If your CRS ranking doesn't meet or exceed the CRS rank drawn by the Canadian government, then you will not receive an ITA and your profile will remain in the Express Entry pool until either a) your CRS ranking meets or exceeds the CRS rank, as drawn by the government (which your 380+ CRS will never do); or b) your profile has been in the Express Entry pool for 1 year (_*one*_ year), at which time it will be withdrawn as expired and you will have to reapply again to re-enter the Express Entry pool.

You could try having your spouse's IELTS and Educational assessments done, but unless it can get you 70 points or more, you'll still not receive an ITA without a _valid, qualifying_ job offer or PNP.


First off, you need to understand that PNP _is *not*_ separate from Express Entry... it is a _provincial_ program attached to the _federal_ Express Entry program.
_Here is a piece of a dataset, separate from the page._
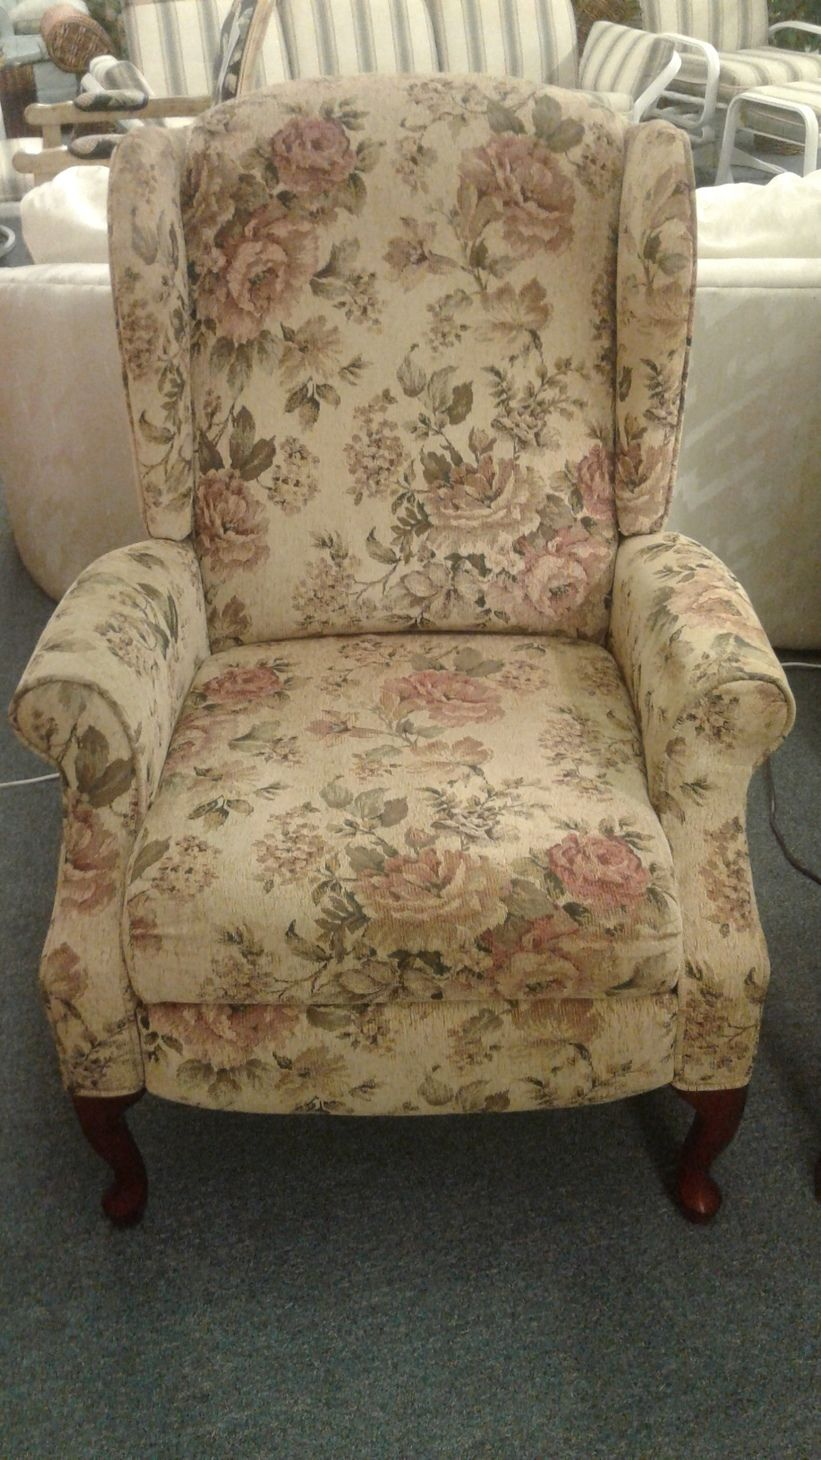 LANE FLORAL PUSH BACK RECLINER Delmarva Furniture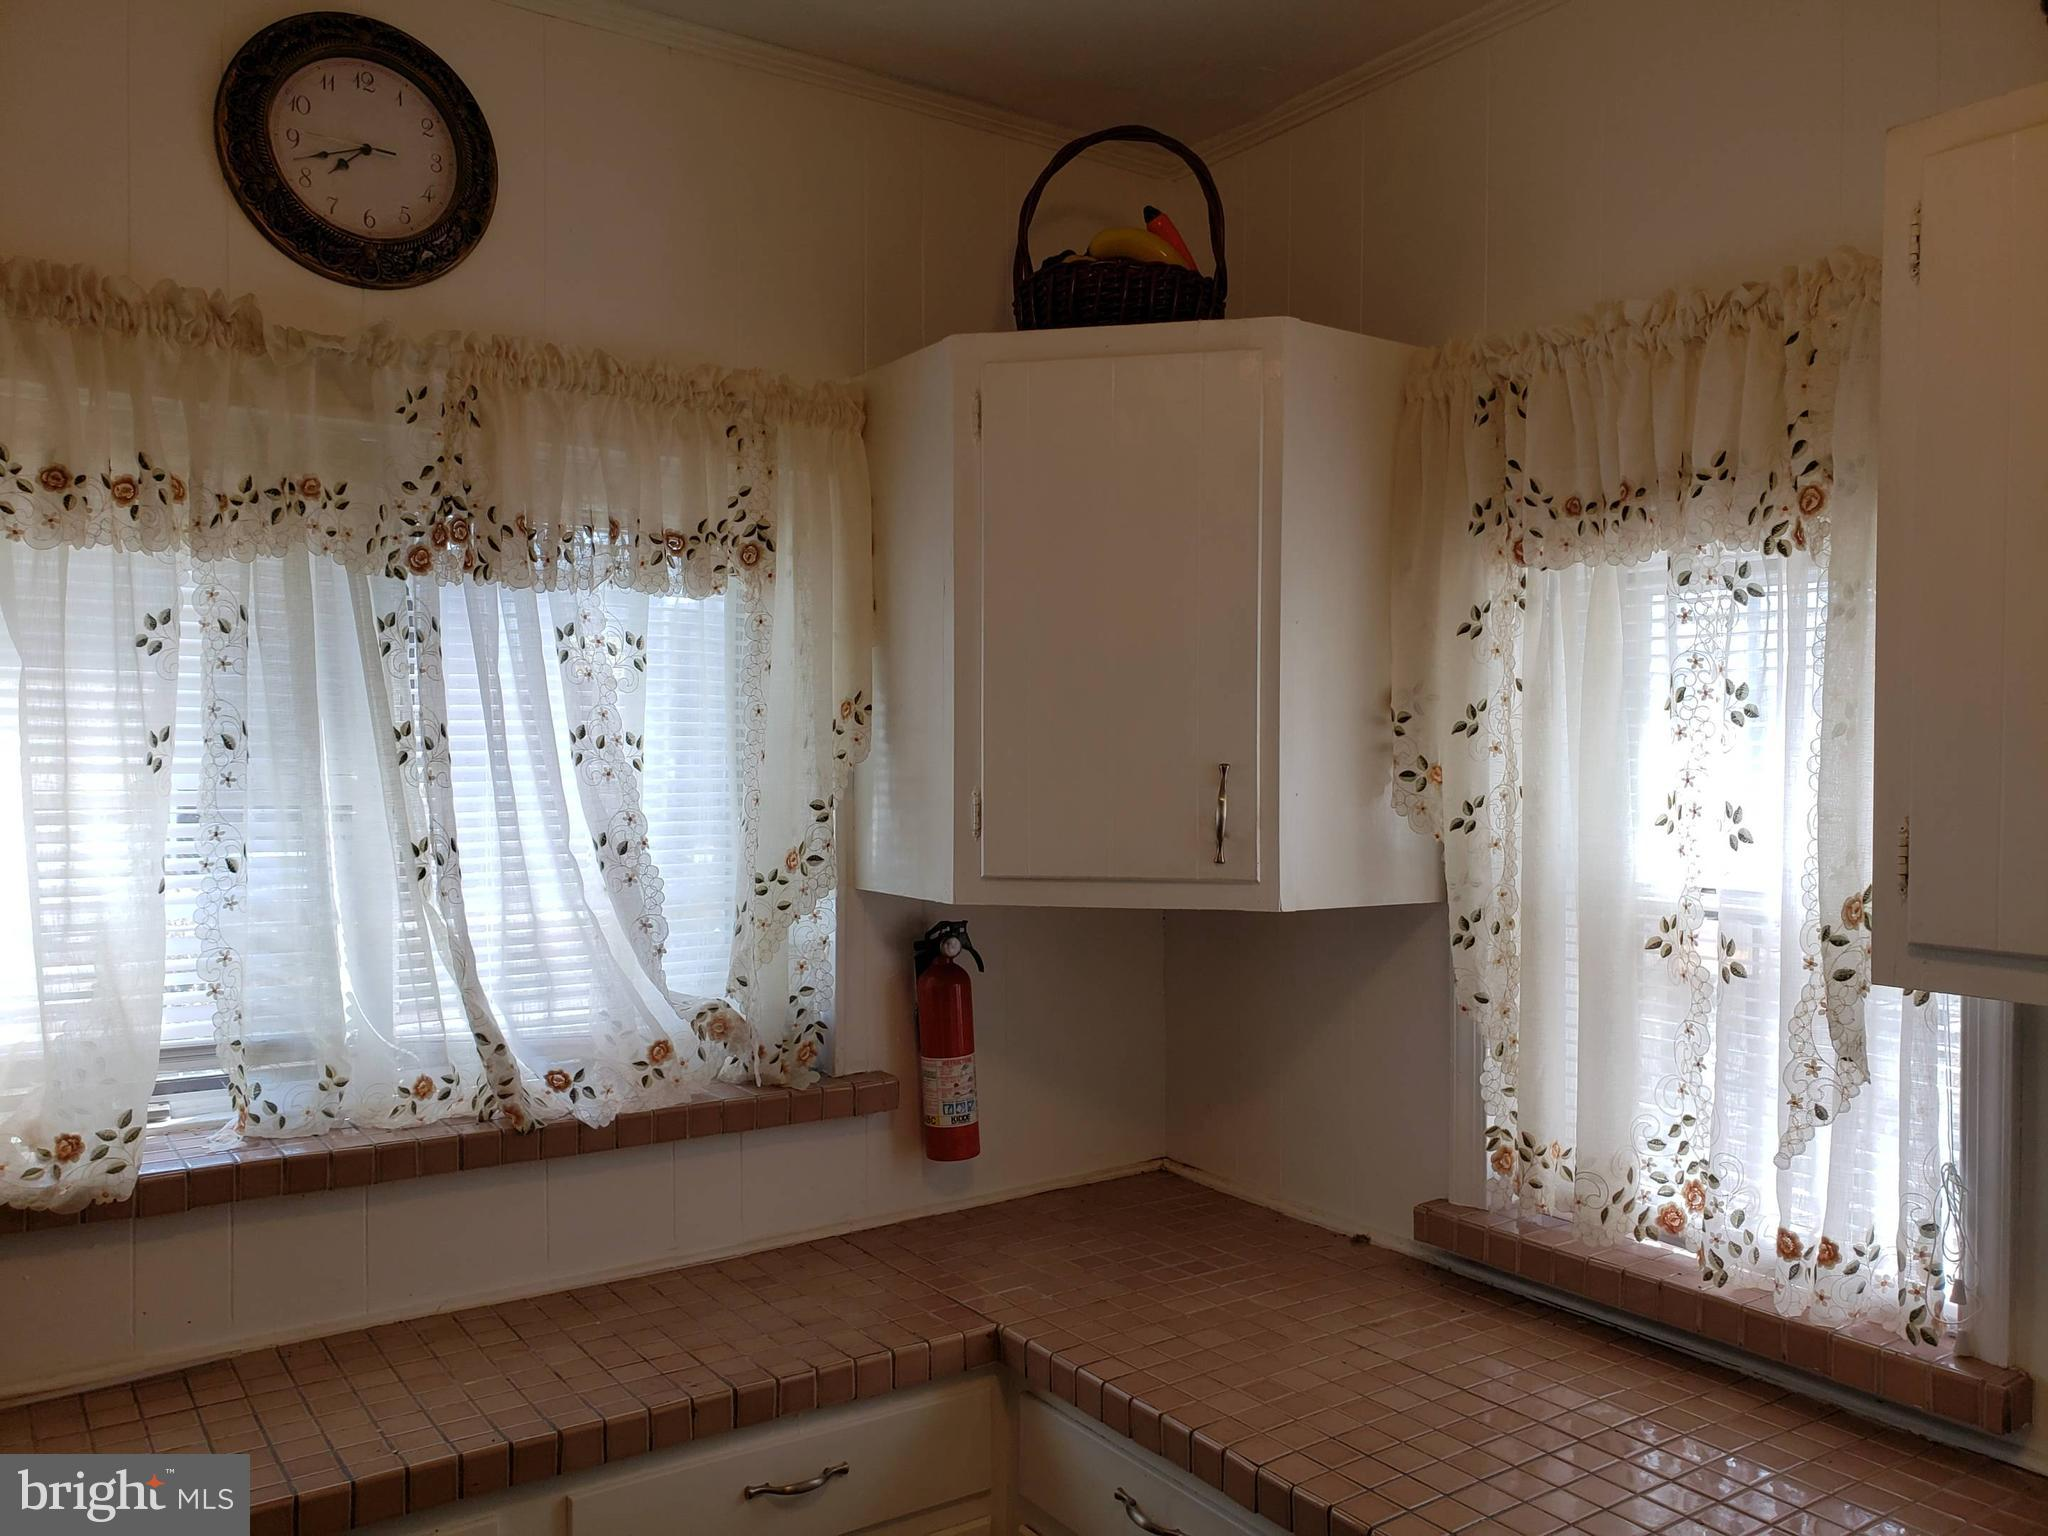 Kitchen windows-lots of light

You don't need to have a PNP to join the Express Entry pool, but _you *do* _ need to be in the Express Entry pool to take advantage of the 600 points that PNP offers... PNP alone _*will not*_ get you into Canada.

As for how to apply for PNP, you will have to apply directly to the PNP program of the province or territory you are interested in moving to and see what their guidance says.

Each province and territory operates its own PNP program and the rules and requirements for one province/territory's program won't necessarily be the same for another's program and applying in one province/territory _*will not*_ result in your application being lodged in another's program... you have to apply to each provincial program individually.


----------



## colchar (Oct 25, 2011)

vmkrish2002 said:


> Hi
> 
> I have a score of 380+ points and would like to know, the duration before I am called up for a Visa Invitation.


With only 380 points, never.





> As per the trend, I have seen that the average base points in between 420 and 450 every month.


That is incorrect. I don't believe it has ever gone below 450.





> 1. What are my chances of getting an invite through the Express Entry Program. My Age is 30 years. Have 2 Degrees as per the WES report, IELT scores are 7.5 overall. Am Married but haven't got my spouse's IELTS or Educational Assessment done yet.


With the score you provided you don't have any chance.




> 2. If I dont qualify through the Express Entry program, how do I approach the PNP method.



Try Googling that.


----------